## WORK INSTRUCTION
What are the lines, word for word, from the line with "ein Blick durchs Tor - Wanfried/Hessen" up to and including the line with "Los Príncipes de" in the records below? Omit the pictures.

## DATA RECORDS
-*-

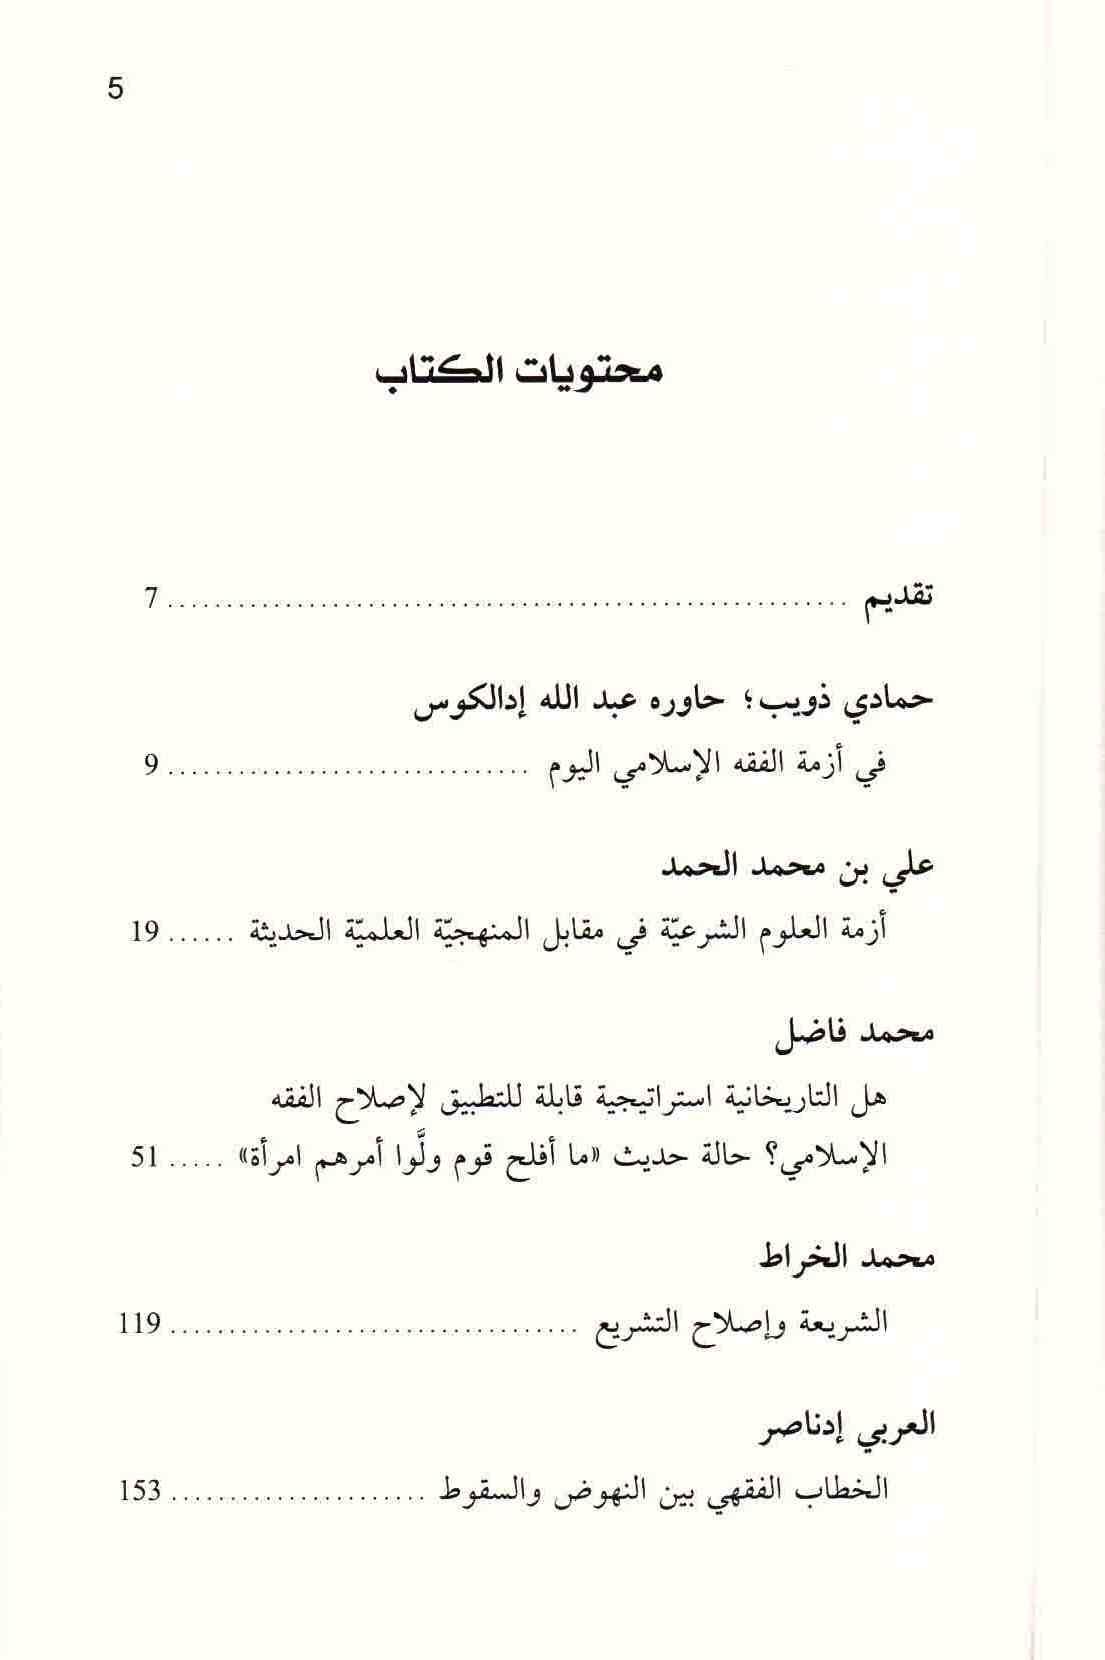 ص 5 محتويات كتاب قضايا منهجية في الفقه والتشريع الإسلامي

-*-

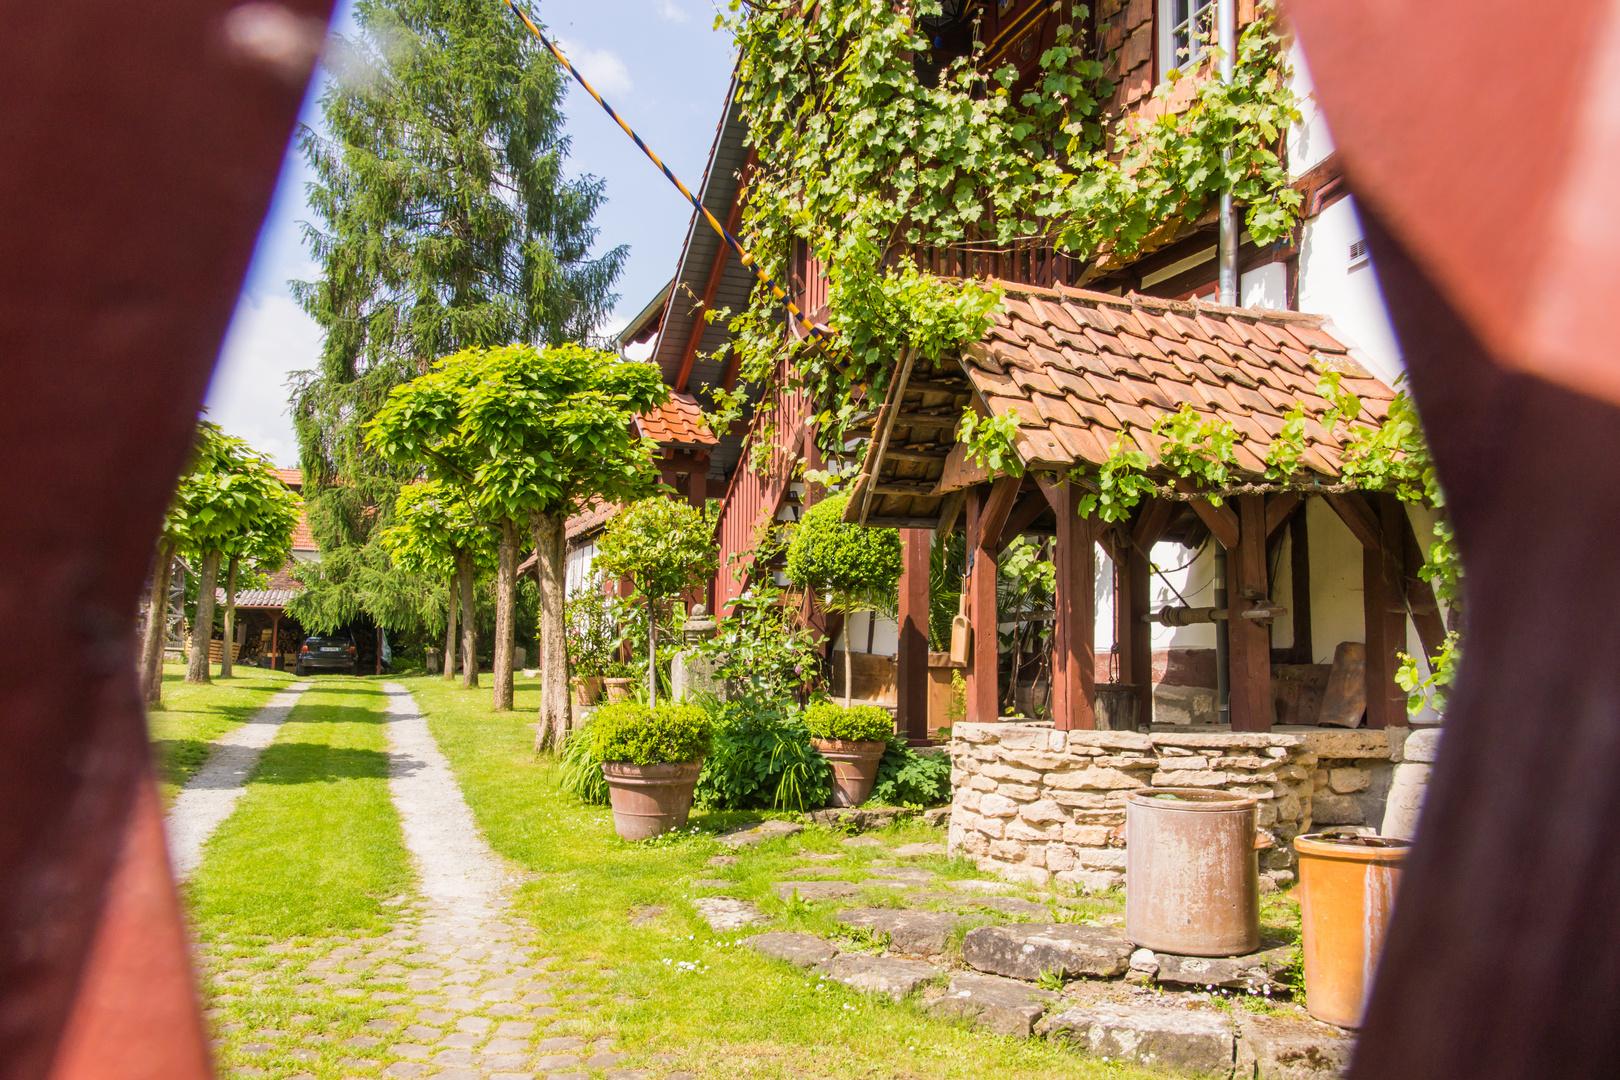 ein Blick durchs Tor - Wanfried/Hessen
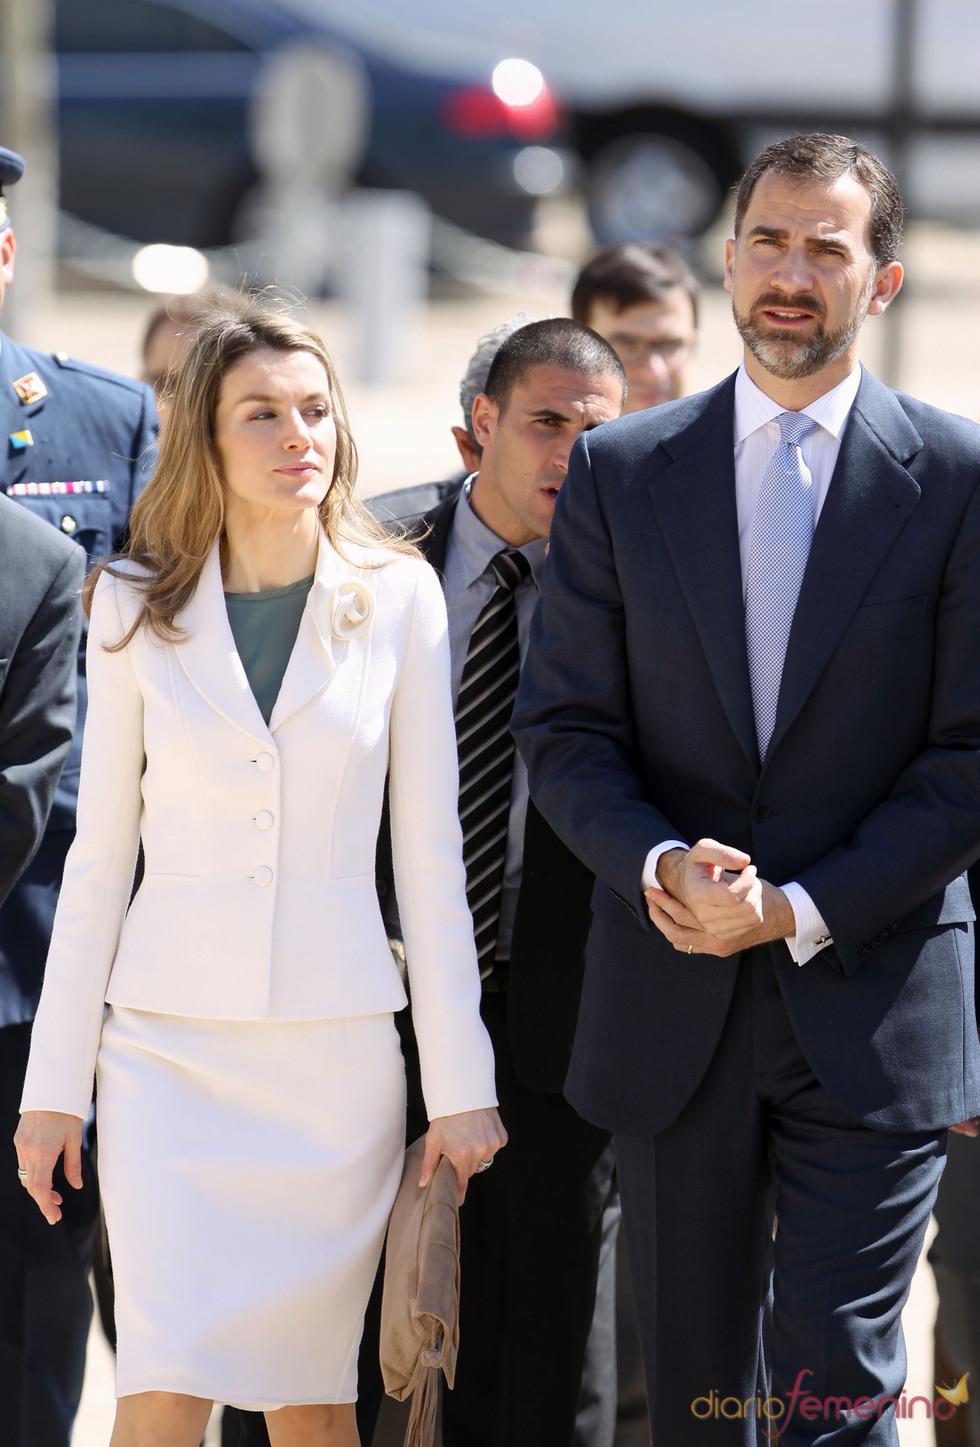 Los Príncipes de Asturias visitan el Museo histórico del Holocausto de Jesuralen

-*-

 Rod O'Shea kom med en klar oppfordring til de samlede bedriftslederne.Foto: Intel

-*-

## ANSWER SPACE
 ein Blick durchs Tor - Wanfried/Hessen
 Los Príncipes de Asturias visitan el Museo histórico del Holocausto de Jesuralen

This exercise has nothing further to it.